Some time outside this morning laying down weed preventer.  This is prologomena to a thorough weeding this week before I take off for Alabama.  A major focus this week will be helping Kate.  She’s going to be here with the dogs for 10 days, again, after 6 days last week.  Anything I can do now to make those days easier will be good.

A Happy Story about the Big C

78  bar falls 29.59  1mph W  dew-point 55  Beltane, cloudy and warm

               Waxing Crescent of the Flower Moon

Grocery shopping.  Lunch and feed the dogs, then off to Minneapolis to Abbott-Northwestern Hospital.  When I got into the Piper Building, the information desk had no one there.  Up to the second floor.  They directed me to the east elevators and floor 3.  Lonnie was in 3556.

A closed door.  I asked the nurse to go check.
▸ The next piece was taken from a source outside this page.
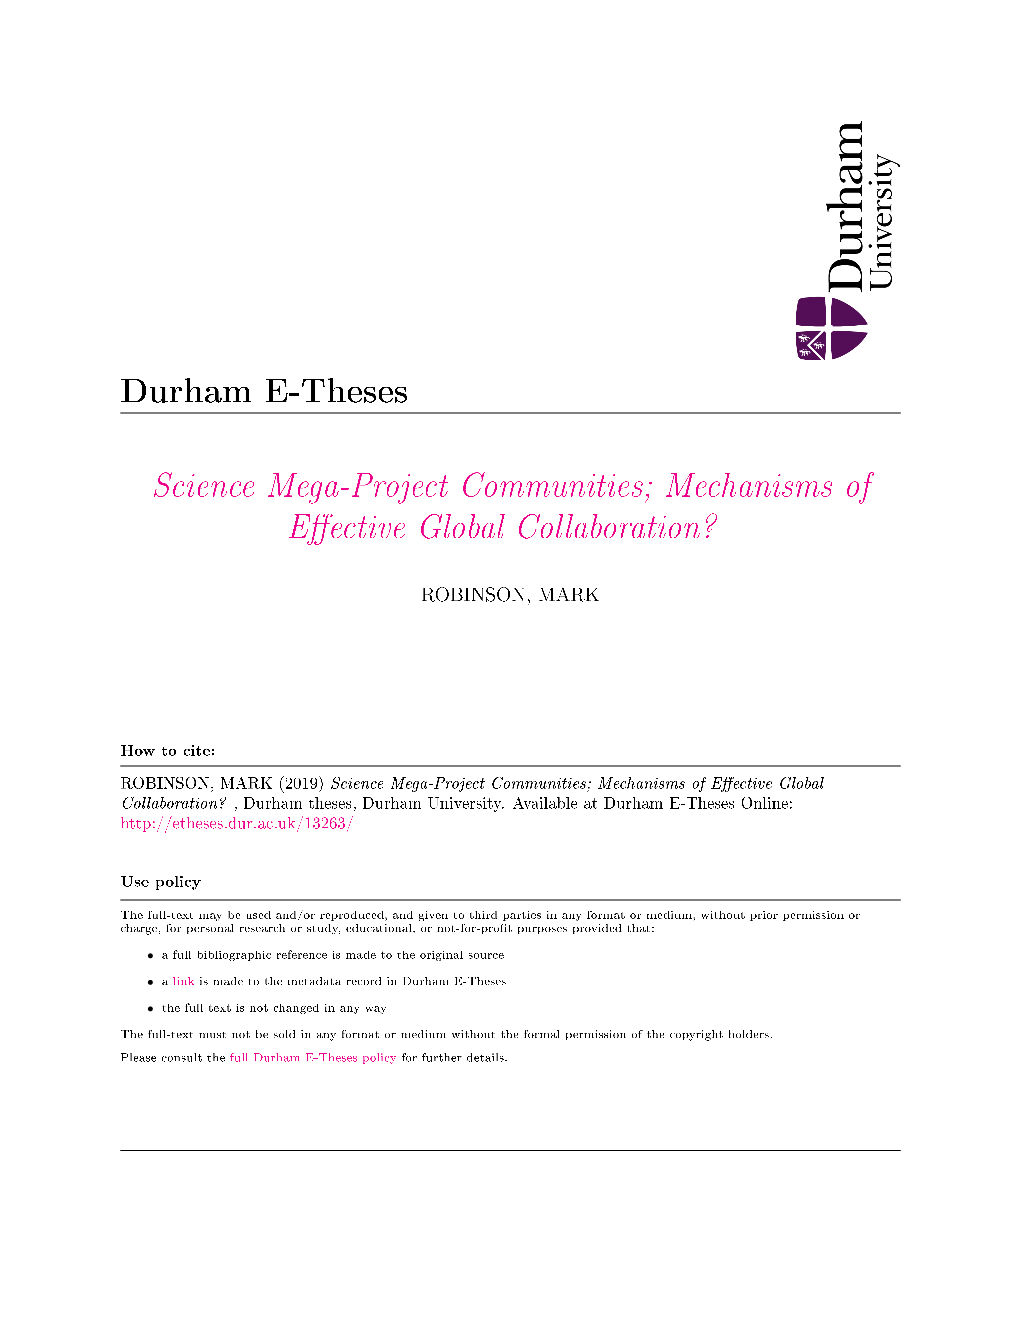 SMP Communities Mechanisms of Effective Global

Stefan was in there.  Lonnie had had a rough night and was still anxious from the meds she had on board.  But.  If the path from frozen sections on Wednesday confirm the initial findings during surgery, she will not need chemo or radiation.  That means a clean excision.  No penetration of the uterine wall.  Therefore no cancer floating in the body at large.

Stefan and I talked for awhile.  About waiting.  Waiting for an appointment with an oncologist.  Waiting for surgery and the prep for surgery.  Waiting for the results of the surgery.  Now, a much easier form of waiting.  Waiting until Lonnie improves enough to go home.

A happy story about the big C.  Not the one’s I recall from the paper.  Diagnosed last week, dead this week.  One to remember.

Taylor came by while Stefan and I talked.  He had made jello for Lonnie, but it took longer than he thought to jell.  He was on his way to a recording studio.  He’s laid down 50 hip-hop songs, “kept 30 of them.”  He has serious folks interested in his work. His ambition is impressive and his willingness to lay it out there suggests to me that he will succeed. 

He had on a big billed hat with gold and logos, a hooded sweat shirt done in an almost 50’s preppy sock diagonal plaid.  His pants, the low hanging denim variety have purple stitching on the rolled up cuffs and gold threaded designs on extra large back pockets.   Trippy.

Back home for  a snack and now a workout before Kate comes home from work.